Видя, что толку от разговора не будет, Кормилицын умолк. Коновалов с Разорёновым повспоминали былое. Наконец гости откланялись.

– Другие согласятся расценки понизить? – спросил Саша у деда, когда коляска Разорёнова скрылась вдалеке.

– Не думаю, нужды в этом большой нет, а выгода сомнительная. Соседи не первый год мануфактурным производством занимаются. Люди все опытные и осторожные. Думаю, они сначала посмотрят, что из этого выйдет, а потом уж и решат. Торопится Михаил, хочет всё и сразу. Боится, видимо, что другие его обойдут, вот и спешит прядильную фабрику скорее восстановить. А может ткацкую расширить. Наша фабрика в Бонячках тоже ведь сгорела, аккурат в год твоего рождения, на масляной неделе. Дни нерабочие были, чего полыхнула, так и не поняли. Не застраховал я её тогда. Может и вправду сама, а может и помог кто, до сих пор не знаю. Долго я её восстанавливал, потихоньку, шаг за шагом. Кабы не тот пожар, и у нас бумагопрядильное производство завёл бы уже, но Господь по-другому рассудил. И видишь, не хуже вышло.

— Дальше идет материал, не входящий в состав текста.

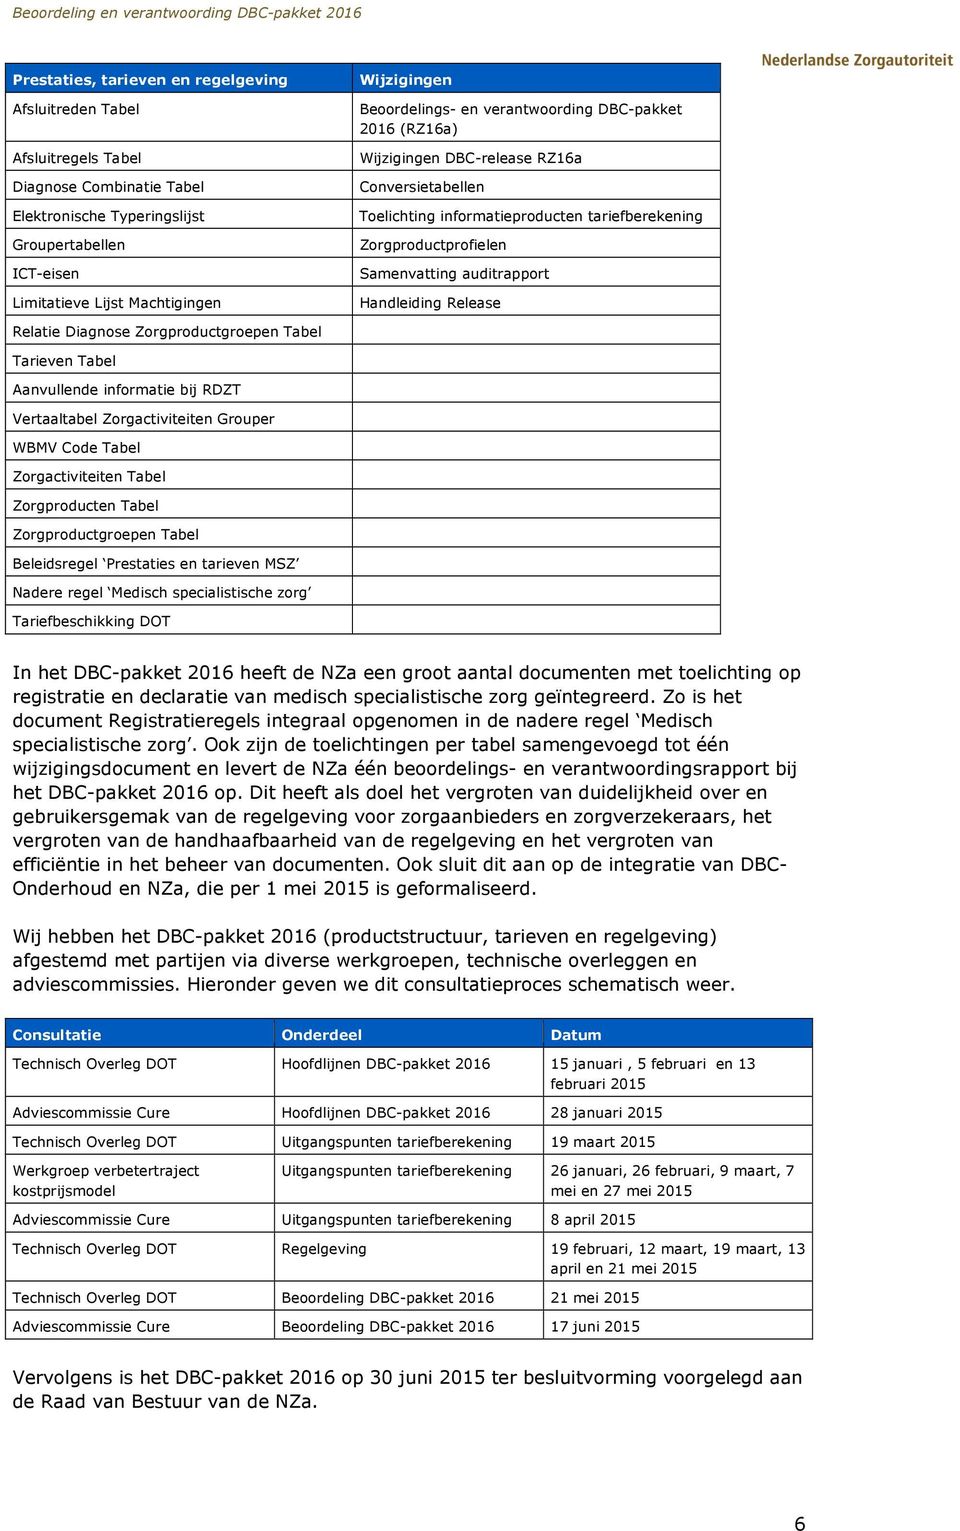 Handleiding Release Relatie Diagnose Zorgproductgroepen Tabel Tarieven Tabel Aanvullende informatie bij RDZT Vertaaltabel Zorgactiviteiten Grouper WBMV Code Tabel Zorgactiviteiten Tabel Zorgproducten

– Чего гости предлагали? – спросила Екатерина Ивановна, тихонько вернувшаяся к мужчинам.

– Безделицу какую-то, – ответил Александр Петрович.

Саша живо пересказал маме содержание разговора.

– Как Никанор Алексеевич своё предприятие зятю доверил? Михаил Максимович купец грамотный, но уж очень … своеобразный, – женщина обняла сына и прижала к себе. – Вот Саша у нас умный и серьёзный растёт, такому семейное дело доверить не страшно.

– Кому ещё Никанору было фабрики передать? Две дочки в младенчестве умерли, только Татьяна выросла во здравии. Больше наследников нет. Зять хоть из фабрикантов, пусть и мелких. У нас по этой части забот больше, чем у государя-императора. Тому чего? Преставился ко Господу, а кто после тебя править будет – всё в законе прописано: или старший сын, или младший брат, а уж какой он правитель окажется – это как повезёт. А своё дело абы кому не передашь. Сколько мне ещё отмерено – я проработаю, здоровье бы было. Потом на Ивана всё оставлю, да ты ещё присмотришь, а там и Саша подрастёт. Вот пусть и распоряжается. Толк из тебя, внучок, выйдет, здесь я согласен.

– Ты до ста лет живи, – Саша наклонил голову, чтобы дед не увидел заблестевшие в глазах слёзы.

– Постараюсь, внучок, постараюсь. – Александр Петрович грустно улыбался. – Я и так славно пожил. Как в Псалтыри сказано: «Дней лет наших – семьдесят лет, а при большей крепости – восемьдесят лет, и самая лучшая пора их – труд и болезнь, ибо проходят быстро». Мне семьдесят семь уже. Спасибо Господу, силу телесную и разум пока не отнимает.

– Почему они вам решили такое предложить? – Екатерина Ивановна осторожно увела беседу от грустных тем. – С подобным бы лучше обратиться к … более бережливым.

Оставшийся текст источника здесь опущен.